In other news, the storm outside is looking mighty threatening: the sky’s all bruise-purple and the lightning’s spiking down quick. A couple of weeks ago, the word “apocalyptic” might have been appropriate; less so now.

Spare change

After yesterday’s item, I’ve gotten thousands — nay, millions — of emails requesting what follows, a brief history of my lifelong love-hate relationship with change:
Very young age: Enjoyed putting pennies in my mouth; tasted good.
Junior high: Was allotted four quarters daily by my loving grandmother; kept them in a little rubbery football-shaped container that had the LSU football schedule on it; still a slight jingle when I walked.
High school: No relationship with change whatsoever, except for occasional mocking comments about the failed Susan B. Anthony dollar.
College: A near-clinical obsession with quarters, which I determined to have an actual worth of 32.4 cents because of their utility in campus laundry machines. (There must have been a New England-wide quarter shortage in the mid-1990s; that’s the only way I can explain my alarming lack of clothes laundering in those days.)
First job after college: Anal qualities begin to show. One large cup holds all my useless pennies. Another, smaller, squarer cup holds nickels and dimes, useful for the vending machine on the ninth floor of my building. An Altoids tin holds the quarters necessary for laundry, which must be done more in the professional world than in the collegiate one, evidently. In many ways, a perfect system.

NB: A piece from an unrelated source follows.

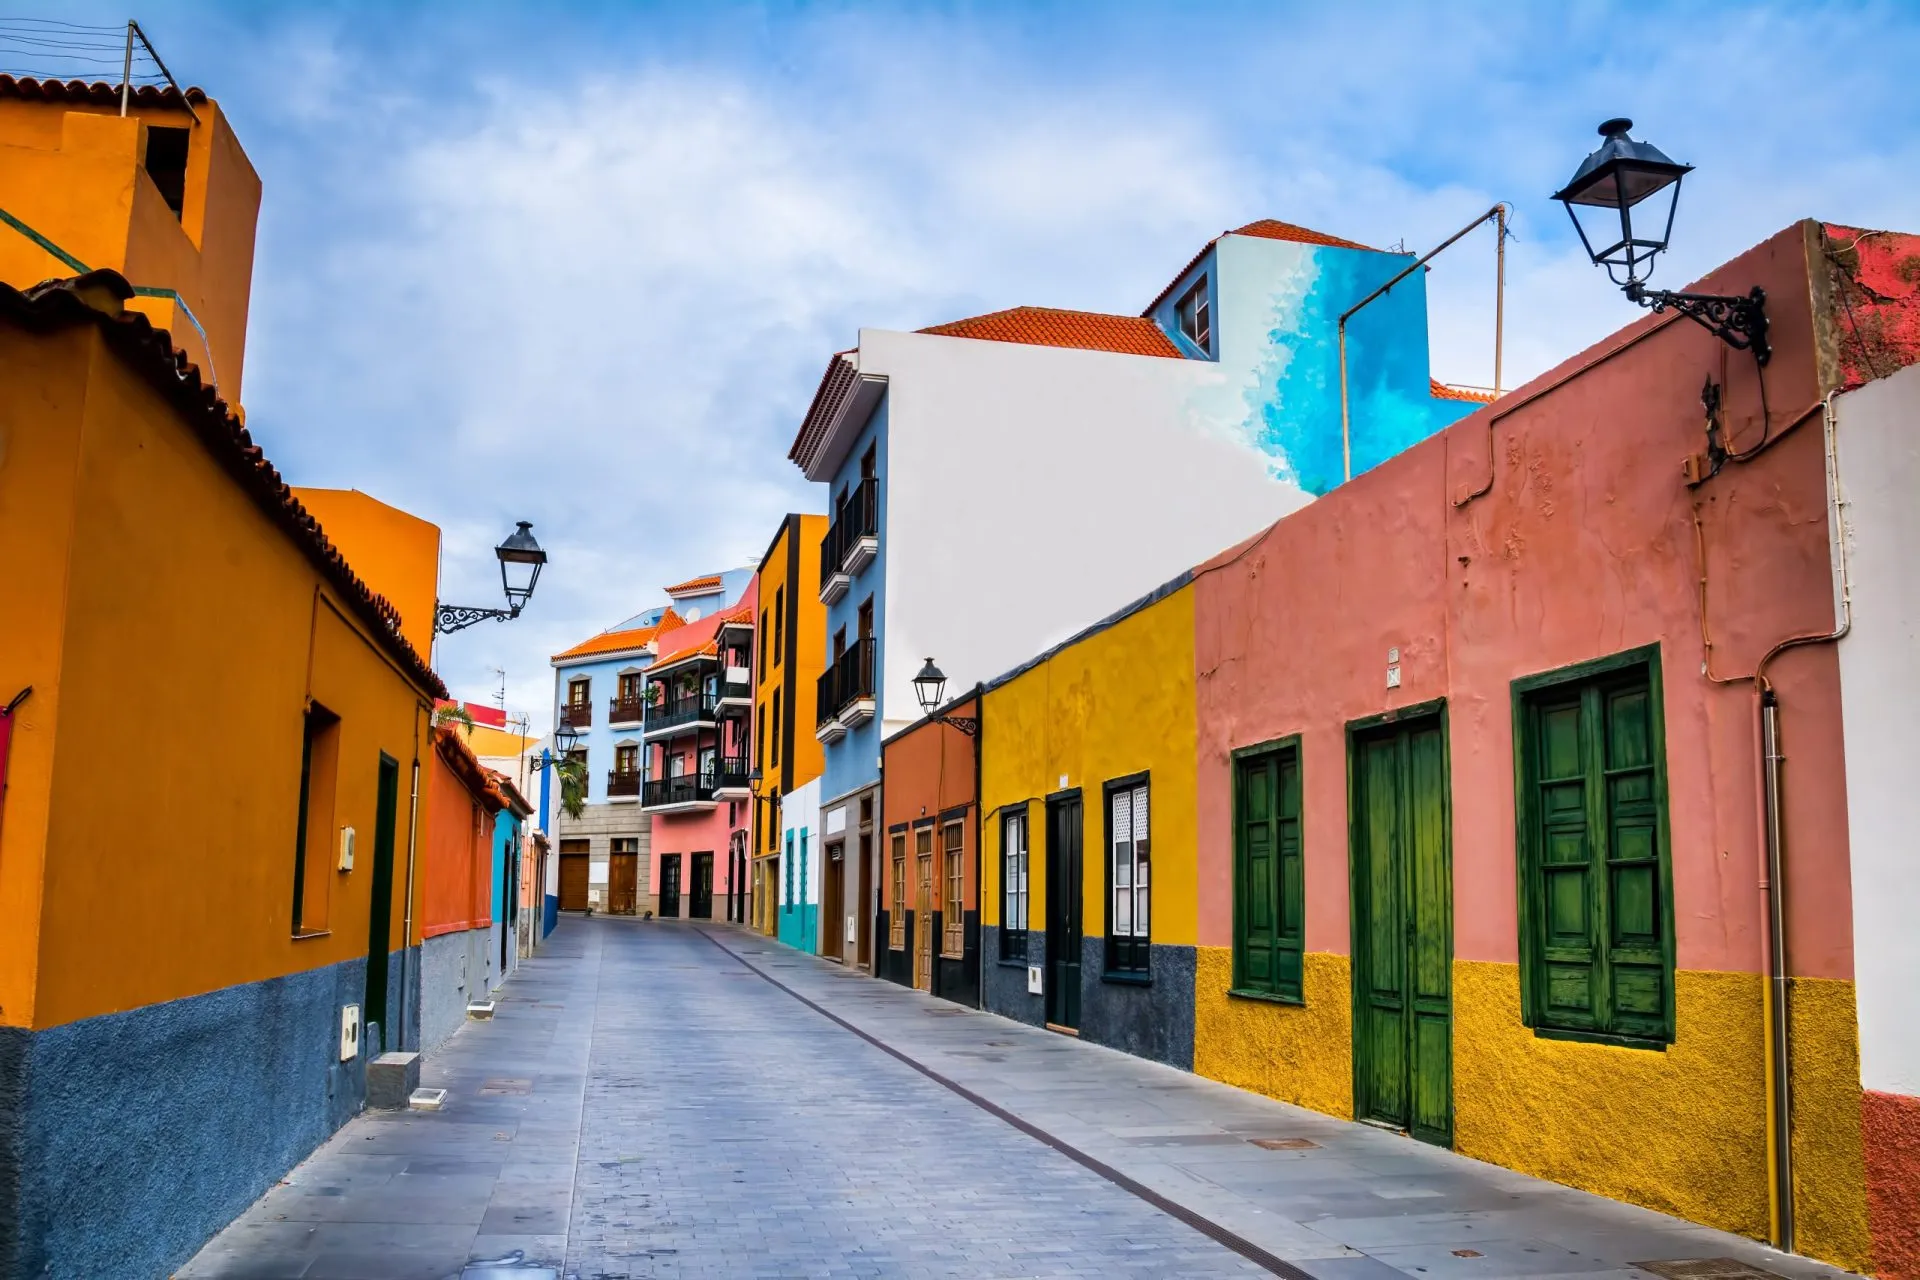 Fargerike hus i en gate i Puerto de la Cruz, Tenerife, Kanariøyene, Spania. Dette er en gågate med mange restauranter og butikker nær havet.
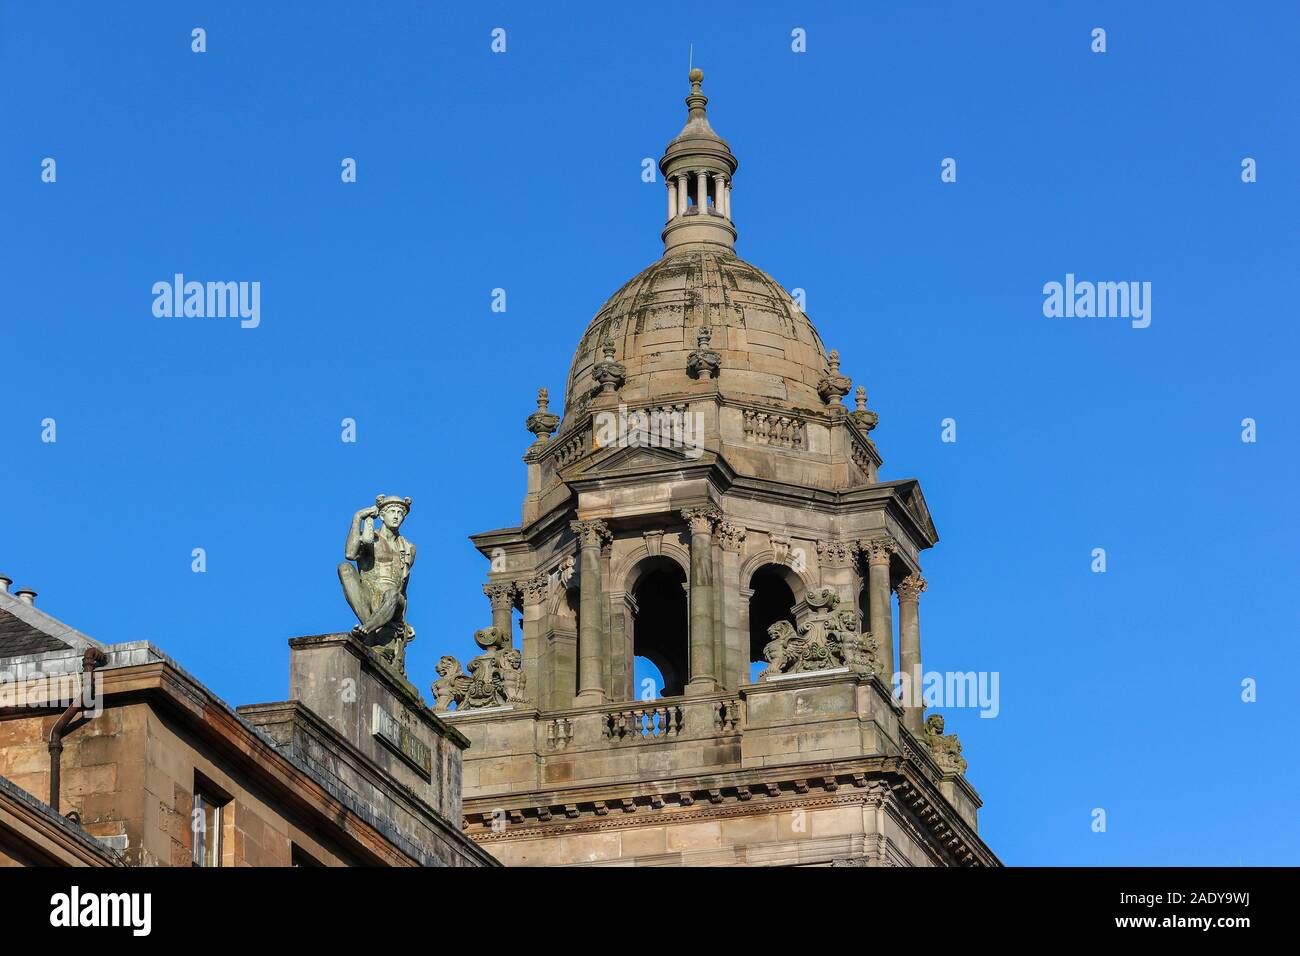 Dettagli architettonici su la Capella Della City Chambers e George Square, Glasgow con la statua di Mercurio, il dio italiano su un tetto nelle vicinanze Foto Stock

(Its one flaw: Leo, owner of Leo’s, the newsstand/porn shop I frequented on my block [for magazines, not porn, silly]. Leo is an older fellow, and for what ever reason, he decided long ago that giving someone a half-dollar coin as change would make his or her day. He was wrong, of course — getting a half-dollar would only make me scowl. What use is it? Not good for laundry, not good for candy bars, not good for anything. By default, the half-dollars ended up in the dime-and-nickel container, but trust me when I say I wasn’t happy about it.)
Today: My apartment building here in Dallas has laundry machines operated by credit cards, not coins. There’s something oddly Dallas-y about that. But quarters, while still desired, have much less of an impact on my life than before. I’d say I miss them, but that’s hard to do when you have 173 quarters all neatly stacked on your desk in front of you.